» **About this exercise**
Return all the lines below exactly. Any picture among them is omitted.

» **Data below**
+ + + + + + +
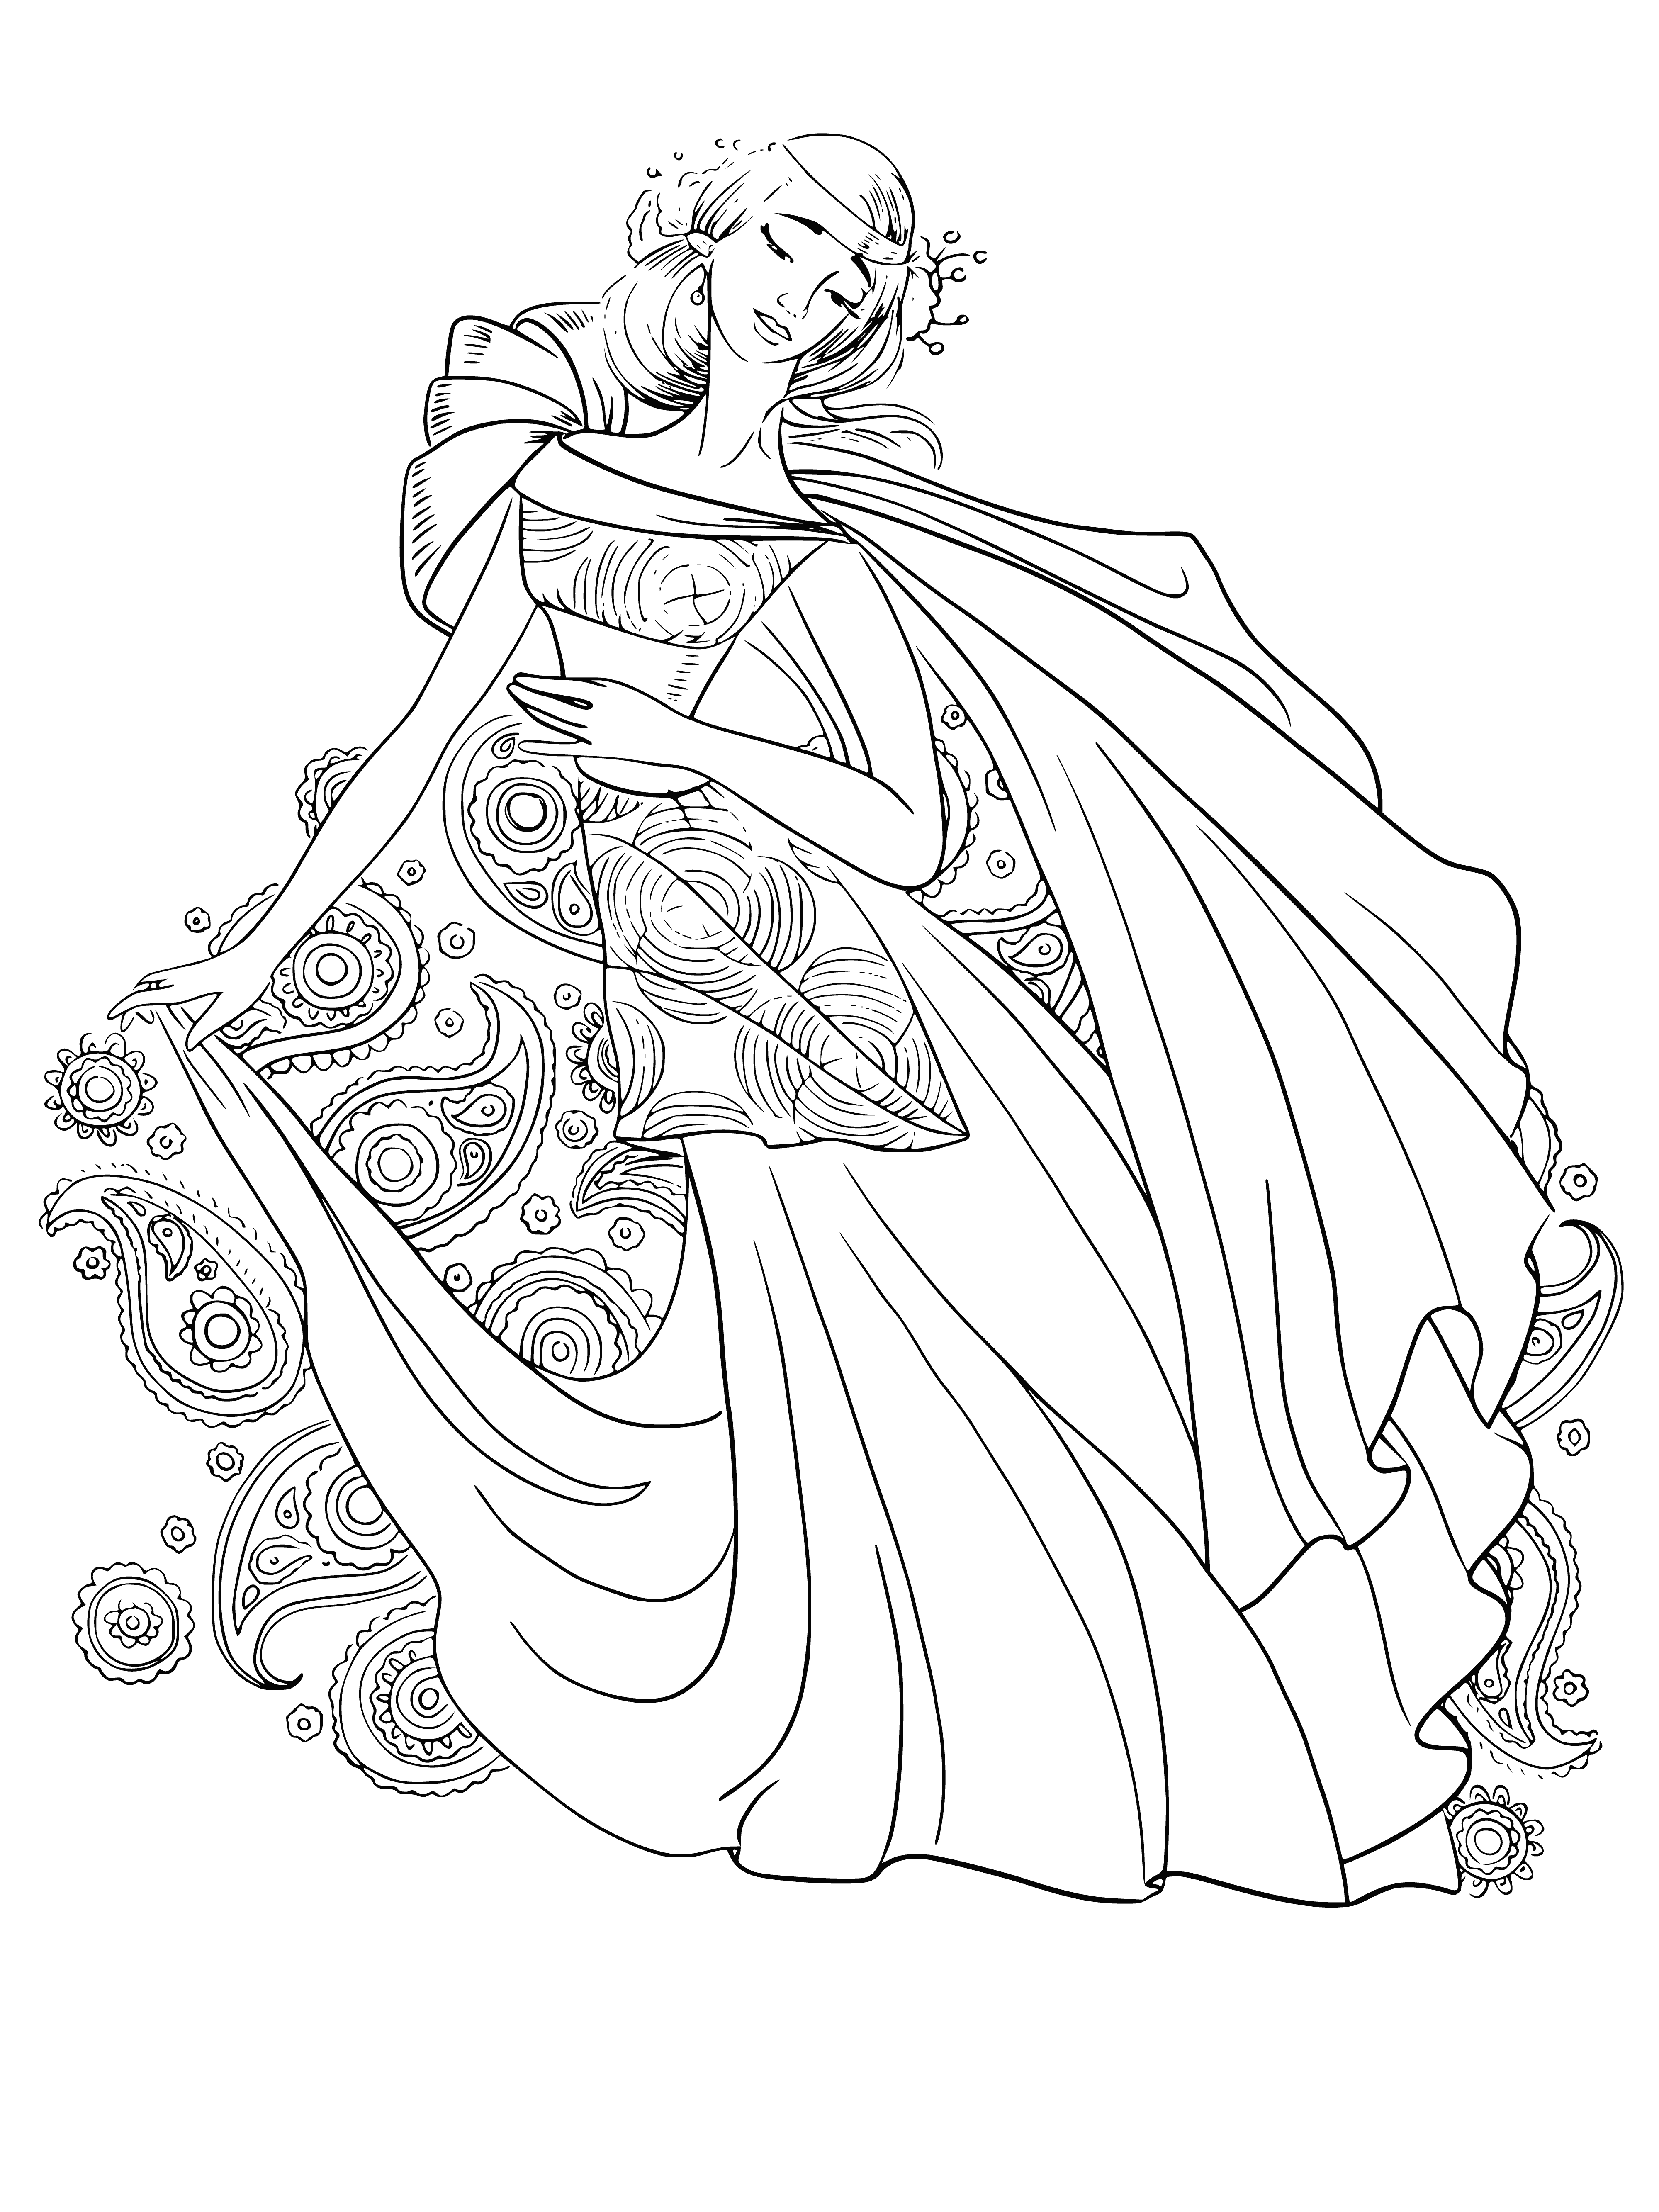 Air outfit coloring page
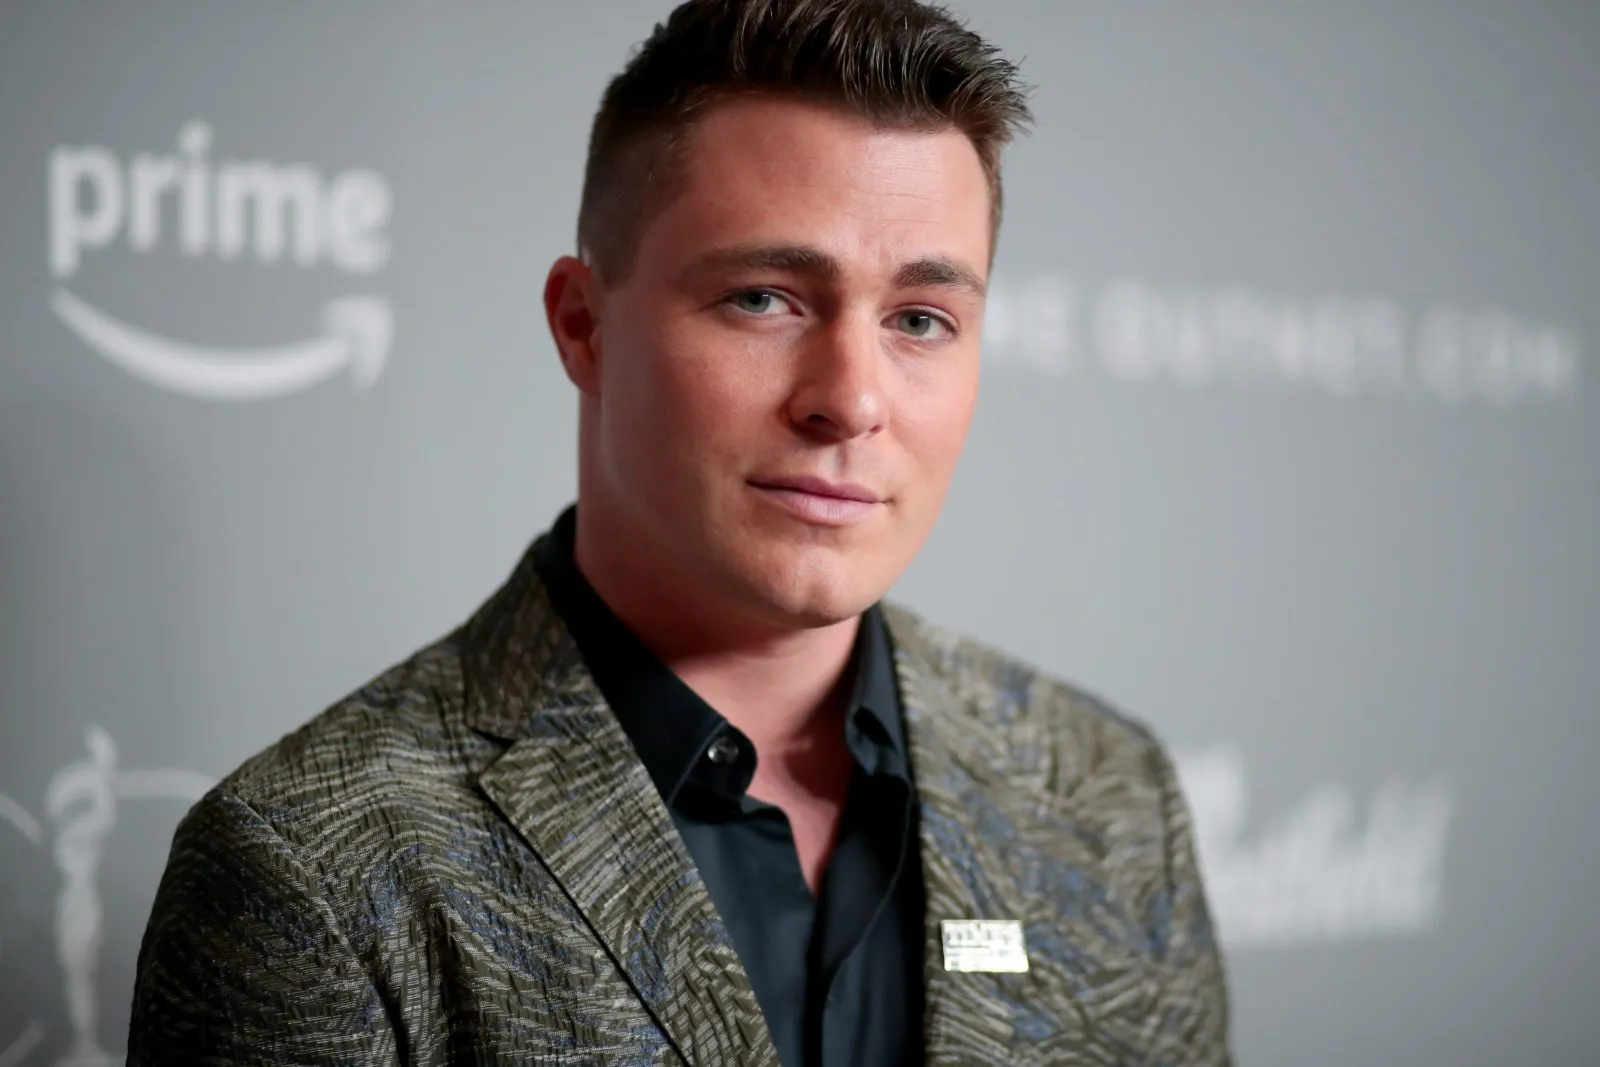 Actor Colton Haynes attends the Costume Designers Guild Awards at The Beverly Hilton Hotel on February 20, 2018 in Beverly Hills, California.
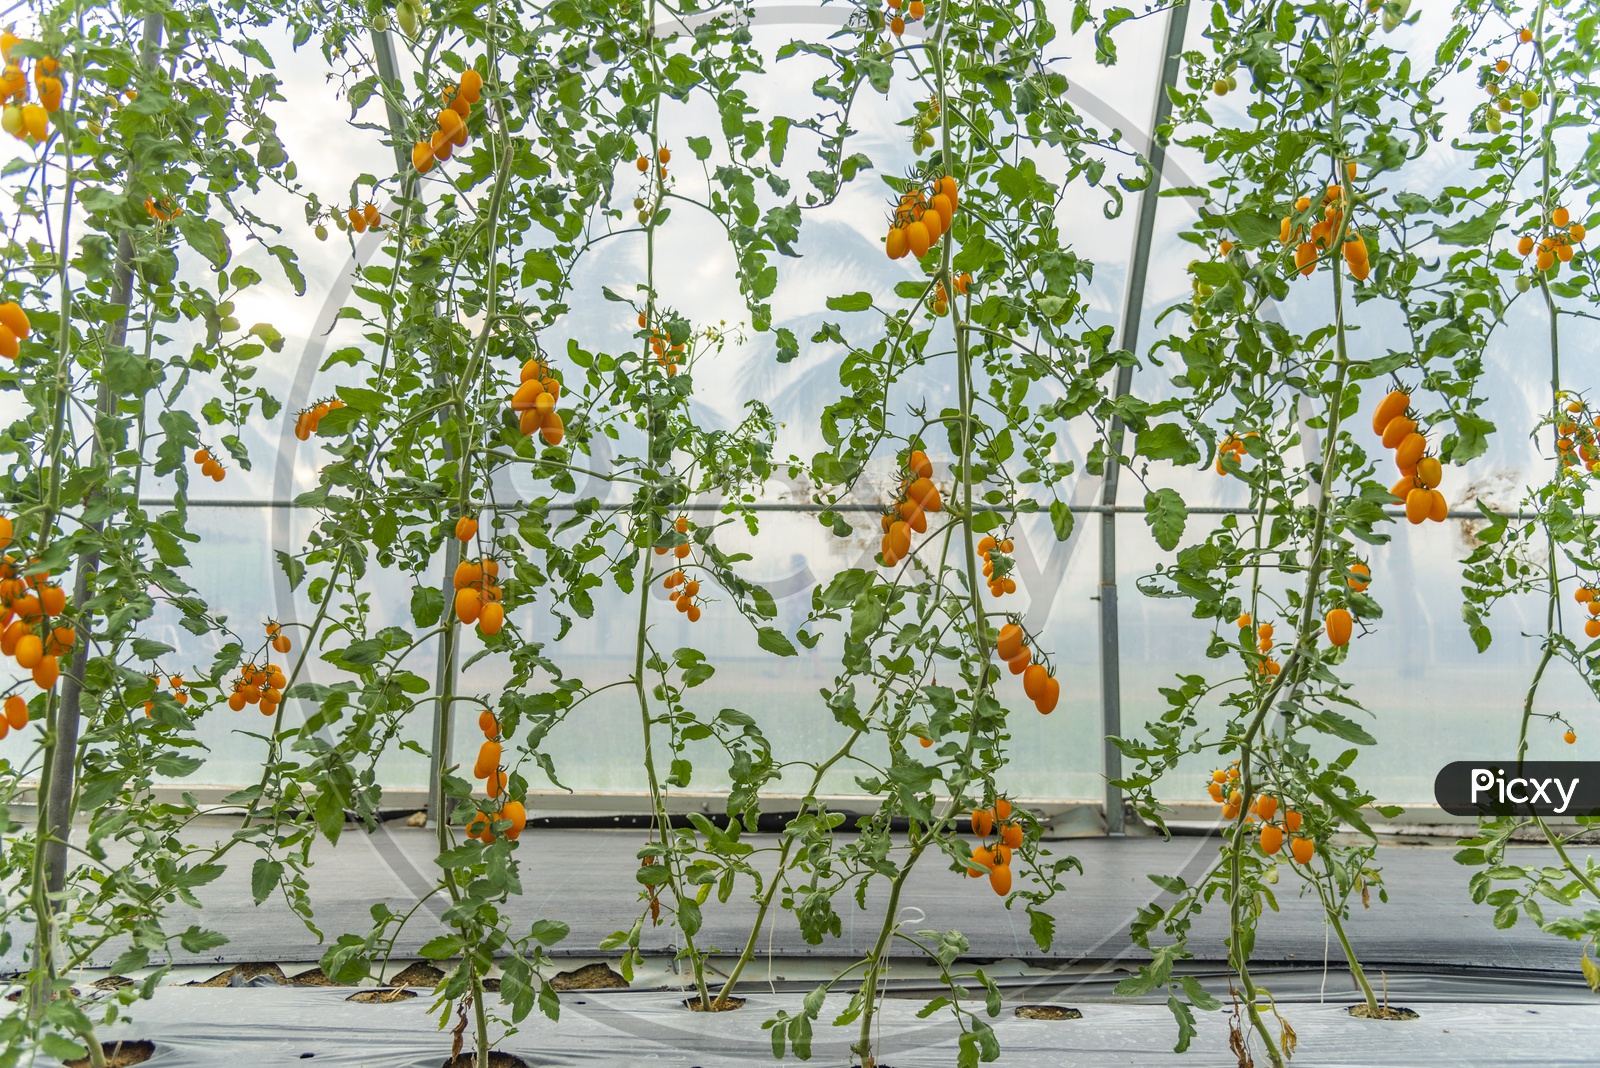 Tomato Cultivation In Greenhouses , Tomatoes Grown In House of Modern Agricultural Technology Systems
+ + + + + + +
» **Exercise output**
 Air outfit coloring page
 Actor Colton Haynes attends the Costume Designers Guild Awards at The Beverly Hilton Hotel on February 20, 2018 in Beverly Hills, California.
 Tomato Cultivation In Greenhouses , Tomatoes Grown In House of Modern Agricultural Technology Systems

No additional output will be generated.